* Task brief: Set down each entry again exactly as written.

* Supplied material:

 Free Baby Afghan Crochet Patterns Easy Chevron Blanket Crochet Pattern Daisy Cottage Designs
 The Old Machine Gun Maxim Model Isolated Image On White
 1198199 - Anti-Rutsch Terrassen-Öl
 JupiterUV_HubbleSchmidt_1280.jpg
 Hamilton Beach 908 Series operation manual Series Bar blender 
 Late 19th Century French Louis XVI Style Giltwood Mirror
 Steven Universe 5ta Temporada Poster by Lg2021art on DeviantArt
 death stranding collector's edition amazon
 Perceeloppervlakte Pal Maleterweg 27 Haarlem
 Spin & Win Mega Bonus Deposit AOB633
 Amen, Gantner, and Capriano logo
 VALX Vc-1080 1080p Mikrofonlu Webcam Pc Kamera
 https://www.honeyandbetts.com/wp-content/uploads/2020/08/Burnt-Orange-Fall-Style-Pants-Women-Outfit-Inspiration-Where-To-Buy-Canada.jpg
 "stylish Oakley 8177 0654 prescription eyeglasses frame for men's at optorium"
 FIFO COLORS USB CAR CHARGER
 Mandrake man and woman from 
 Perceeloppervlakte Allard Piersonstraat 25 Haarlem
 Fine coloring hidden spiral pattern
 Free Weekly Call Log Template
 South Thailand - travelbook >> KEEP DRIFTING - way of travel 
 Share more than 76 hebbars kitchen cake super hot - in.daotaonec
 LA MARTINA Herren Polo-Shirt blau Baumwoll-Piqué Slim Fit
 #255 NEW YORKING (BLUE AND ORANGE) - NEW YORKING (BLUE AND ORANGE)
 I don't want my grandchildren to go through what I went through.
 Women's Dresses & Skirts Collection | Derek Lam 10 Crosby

* Written response:
 Free Baby Afghan Crochet Patterns Easy Chevron Blanket Crochet Pattern Daisy Cottage Designs
 The Old Machine Gun Maxim Model Isolated Image On White
 1198199 - Anti-Rutsch Terrassen-Öl
 JupiterUV_HubbleSchmidt_1280.jpg
 Hamilton Beach 908 Series operation manual Series Bar blender 
 Late 19th Century French Louis XVI Style Giltwood Mirror
 Steven Universe 5ta Temporada Poster by Lg2021art on DeviantArt
 death stranding collector's edition amazon
 Perceeloppervlakte Pal Maleterweg 27 Haarlem
 Spin & Win Mega Bonus Deposit AOB633
 Amen, Gantner, and Capriano logo
 VALX Vc-1080 1080p Mikrofonlu Webcam Pc Kamera
 https://www.honeyandbetts.com/wp-content/uploads/2020/08/Burnt-Orange-Fall-Style-Pants-Women-Outfit-Inspiration-Where-To-Buy-Canada.jpg
 "stylish Oakley 8177 0654 prescription eyeglasses frame for men's at optorium"
 FIFO COLORS USB CAR CHARGER
 Mandrake man and woman from 
 Perceeloppervlakte Allard Piersonstraat 25 Haarlem
 Fine coloring hidden spiral pattern
 Free Weekly Call Log Template
 South Thailand - travelbook >> KEEP DRIFTING - way of travel 
 Share more than 76 hebbars kitchen cake super hot - in.daotaonec
 LA MARTINA Herren Polo-Shirt blau Baumwoll-Piqué Slim Fit
 #255 NEW YORKING (BLUE AND ORANGE) - NEW YORKING (BLUE AND ORANGE)
 I don't want my grandchildren to go through what I went through.
 Women's Dresses & Skirts Collection | Derek Lam 10 Crosby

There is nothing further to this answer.